• [Provided material]:
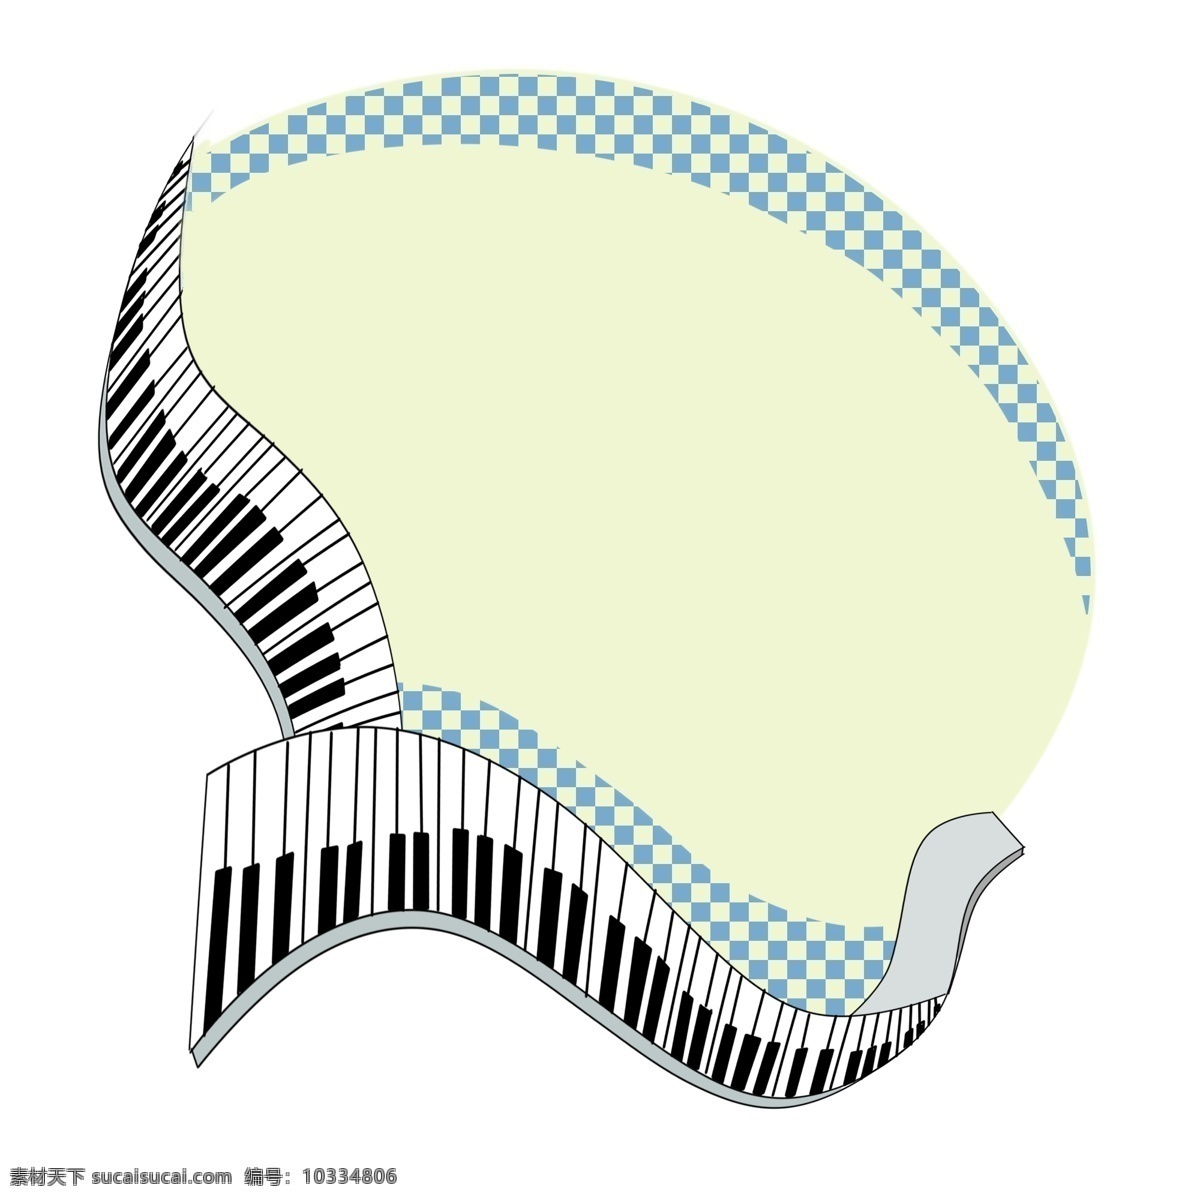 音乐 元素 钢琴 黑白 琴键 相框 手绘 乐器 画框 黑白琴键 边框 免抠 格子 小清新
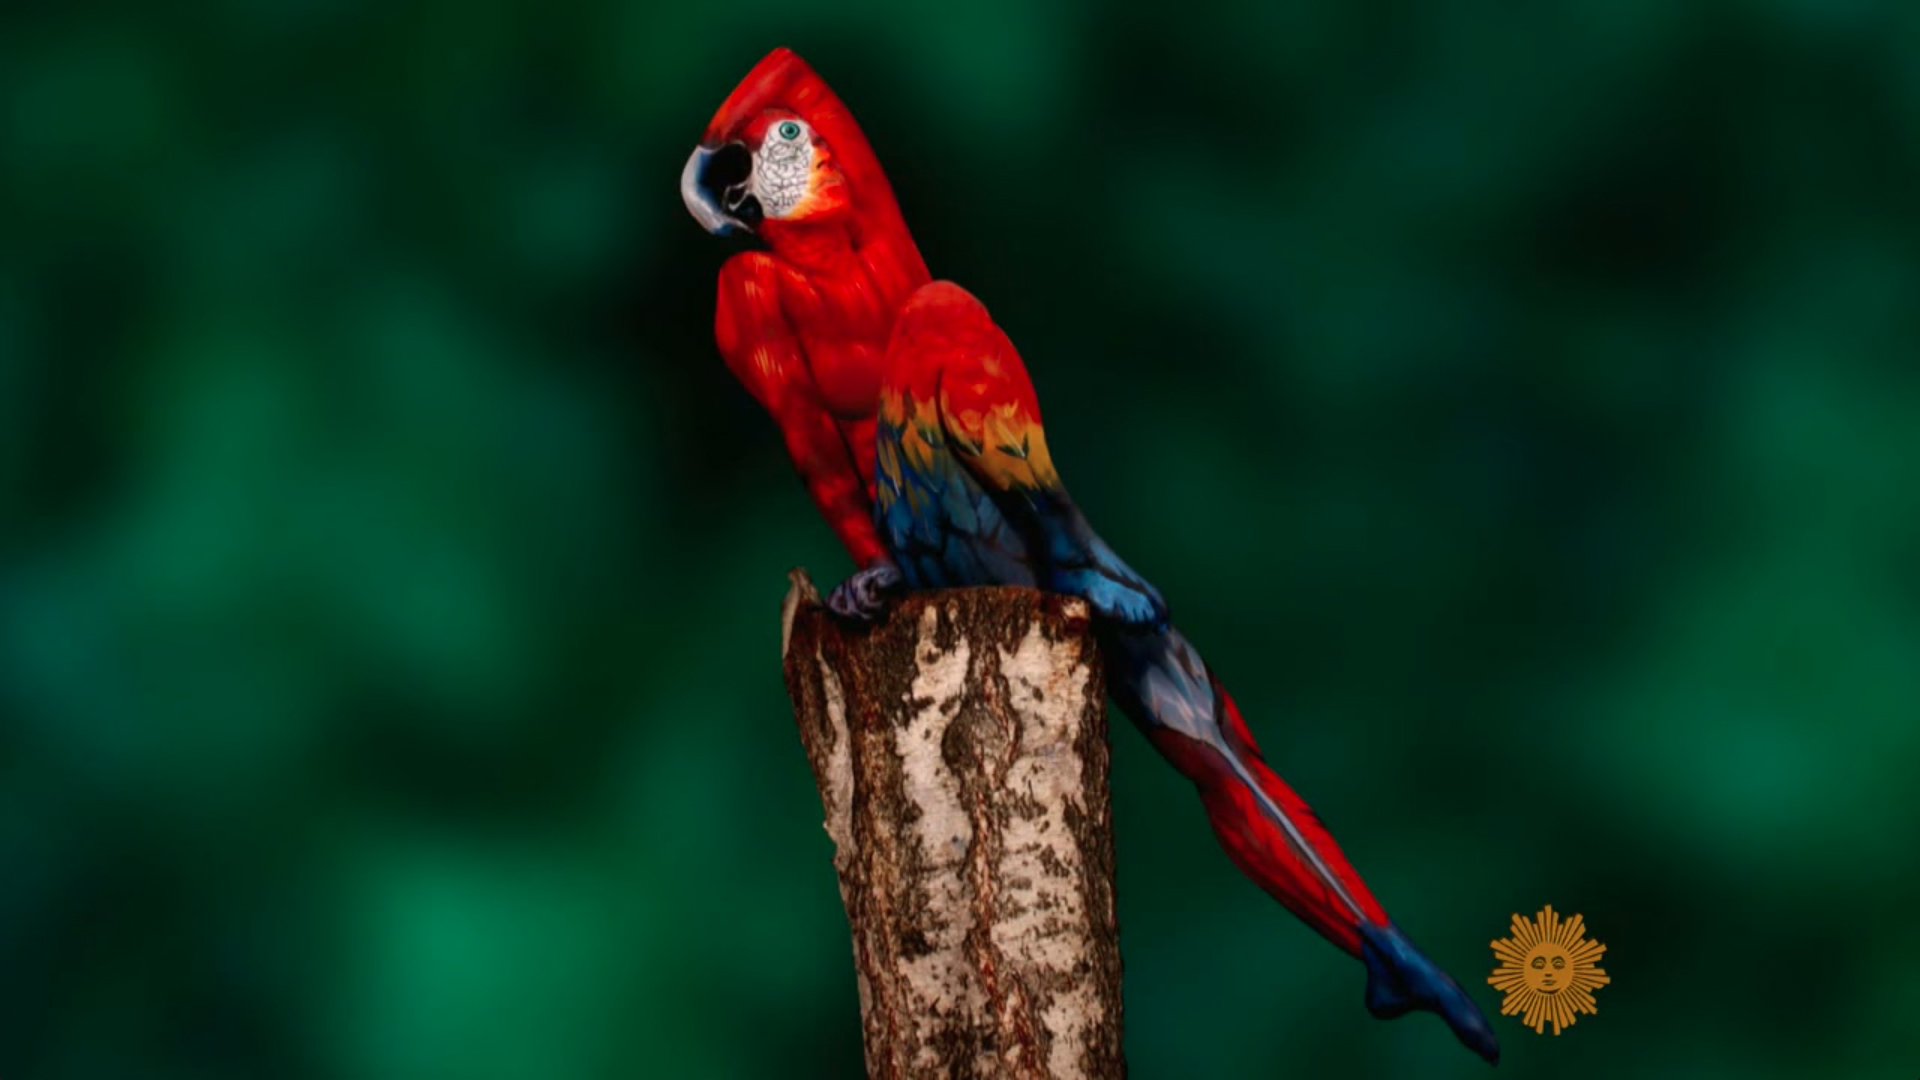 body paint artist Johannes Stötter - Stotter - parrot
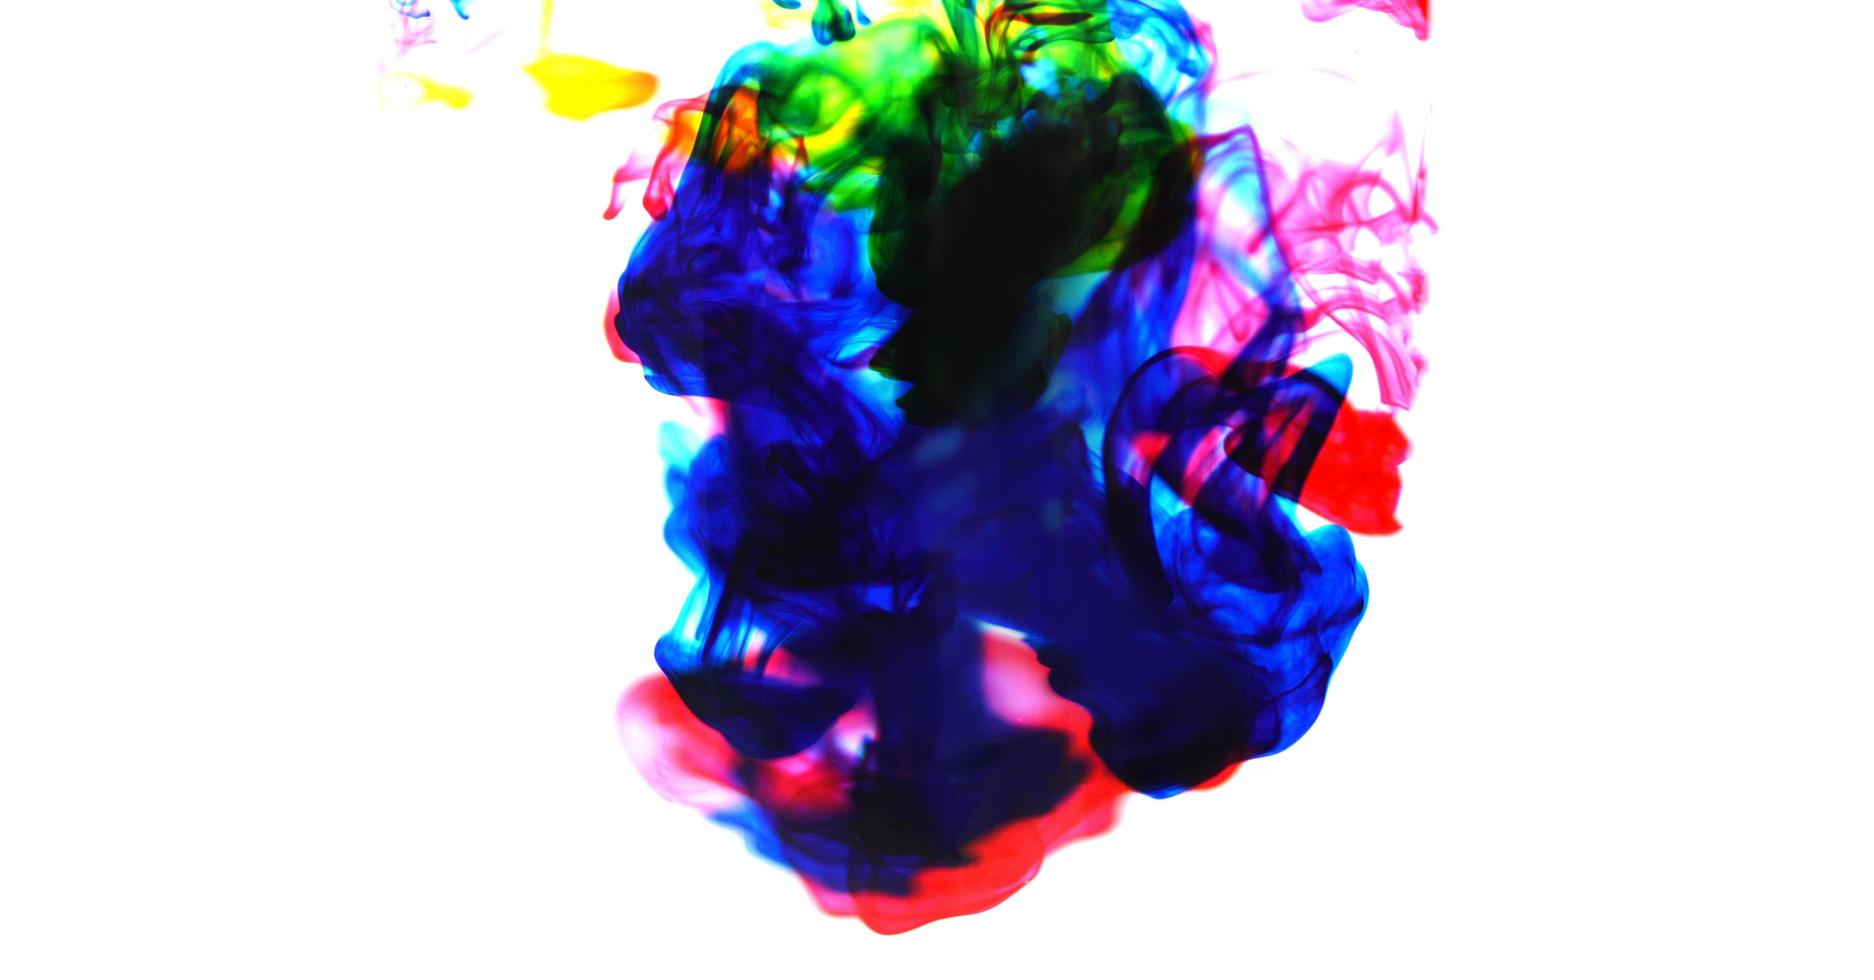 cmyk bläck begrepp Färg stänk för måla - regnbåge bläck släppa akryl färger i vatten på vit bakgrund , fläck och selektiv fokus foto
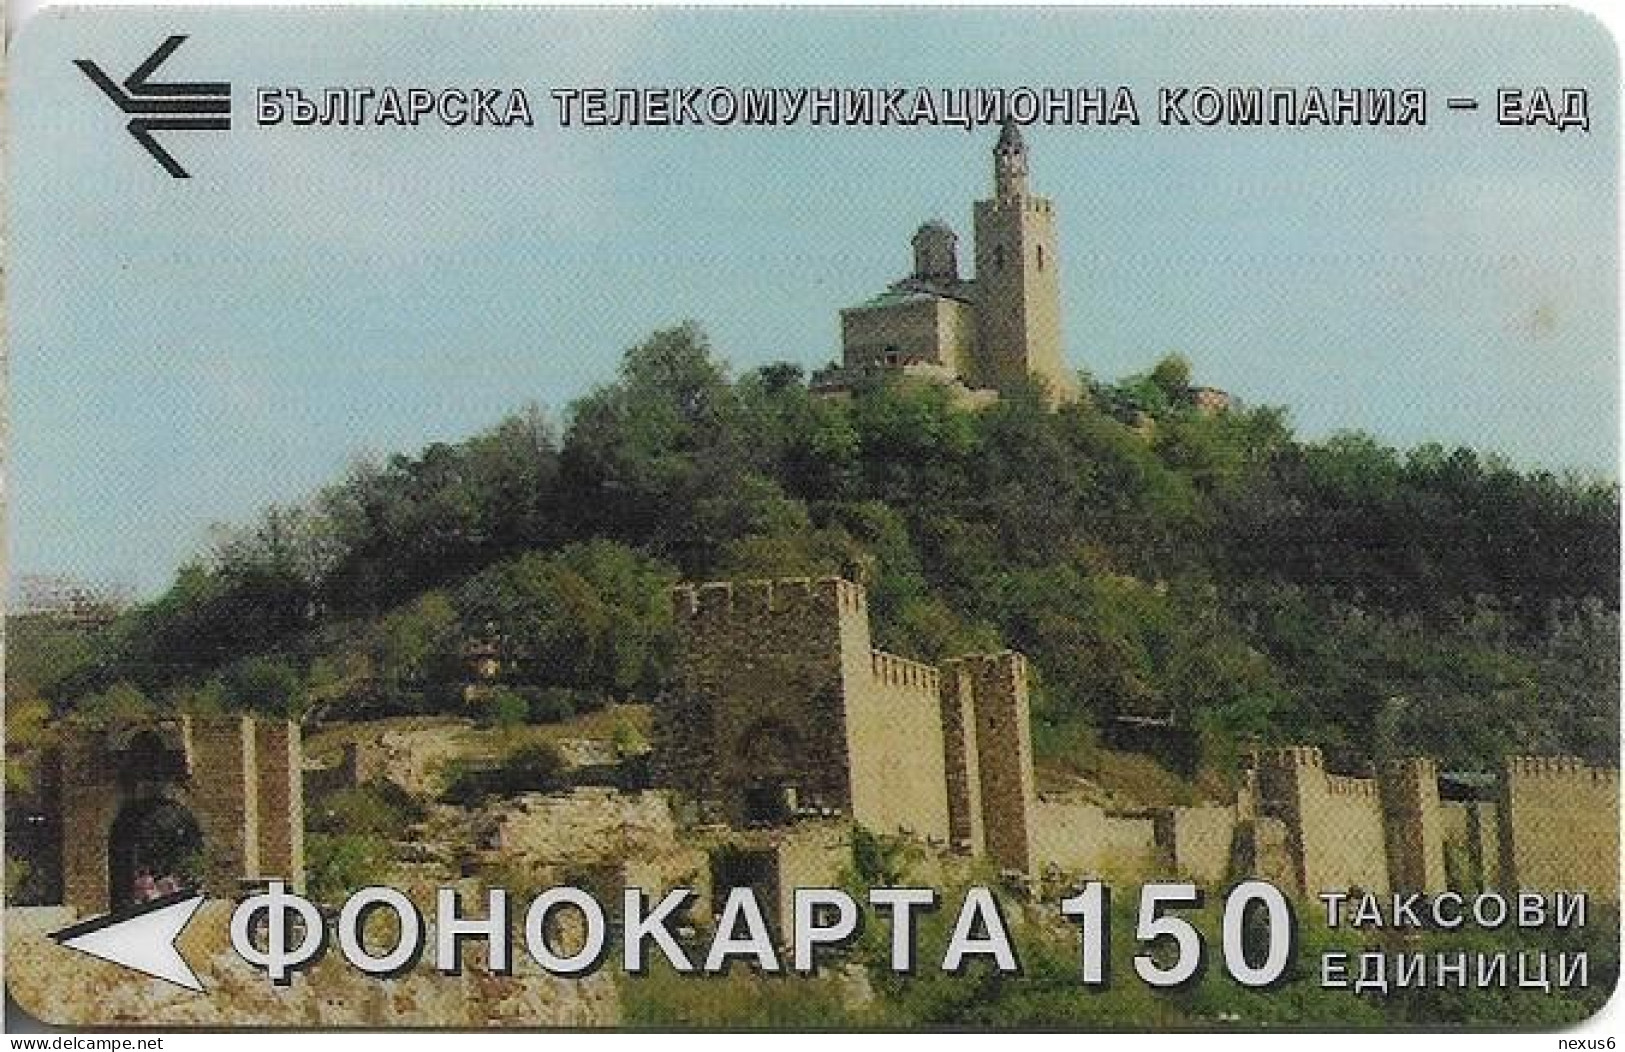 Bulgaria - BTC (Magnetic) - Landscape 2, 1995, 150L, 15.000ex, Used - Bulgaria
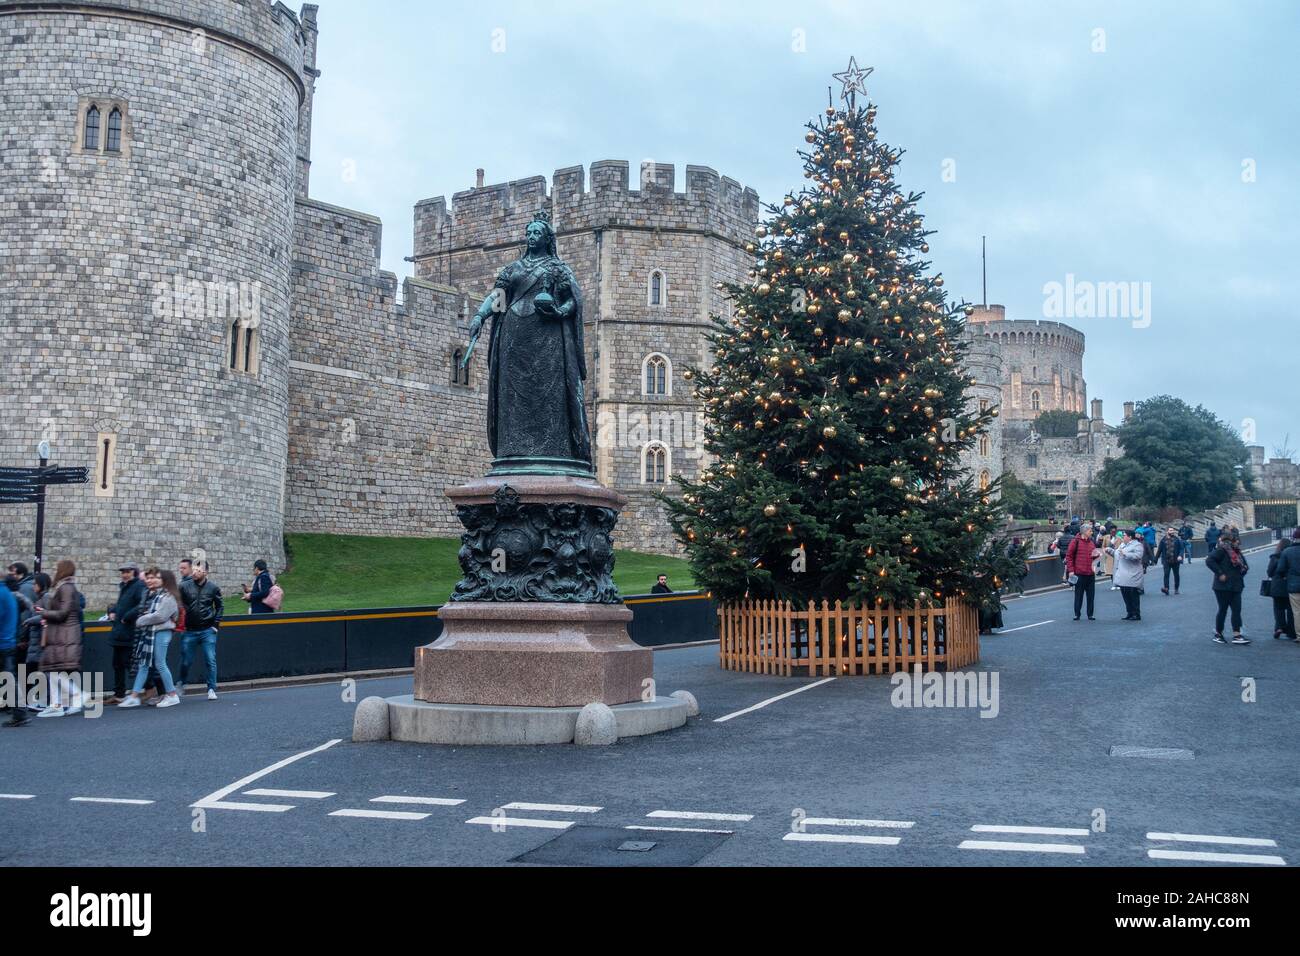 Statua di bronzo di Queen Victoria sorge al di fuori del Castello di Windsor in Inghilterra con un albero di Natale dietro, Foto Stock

• [Task statement]:
Without any of its images, the data above should be returned exactly.

• [Output of the task]:
 音乐 元素 钢琴 黑白 琴键 相框 手绘 乐器 画框 黑白琴键 边框 免抠 格子 小清新
 body paint artist Johannes Stötter - Stotter - parrot
 cmyk bläck begrepp Färg stänk för måla - regnbåge bläck släppa akryl färger i vatten på vit bakgrund , fläck och selektiv fokus foto
 Bulgaria - BTC (Magnetic) - Landscape 2, 1995, 150L, 15.000ex, Used - Bulgaria
 Statua di bronzo di Queen Victoria sorge al di fuori del Castello di Windsor in Inghilterra con un albero di Natale dietro, Foto Stock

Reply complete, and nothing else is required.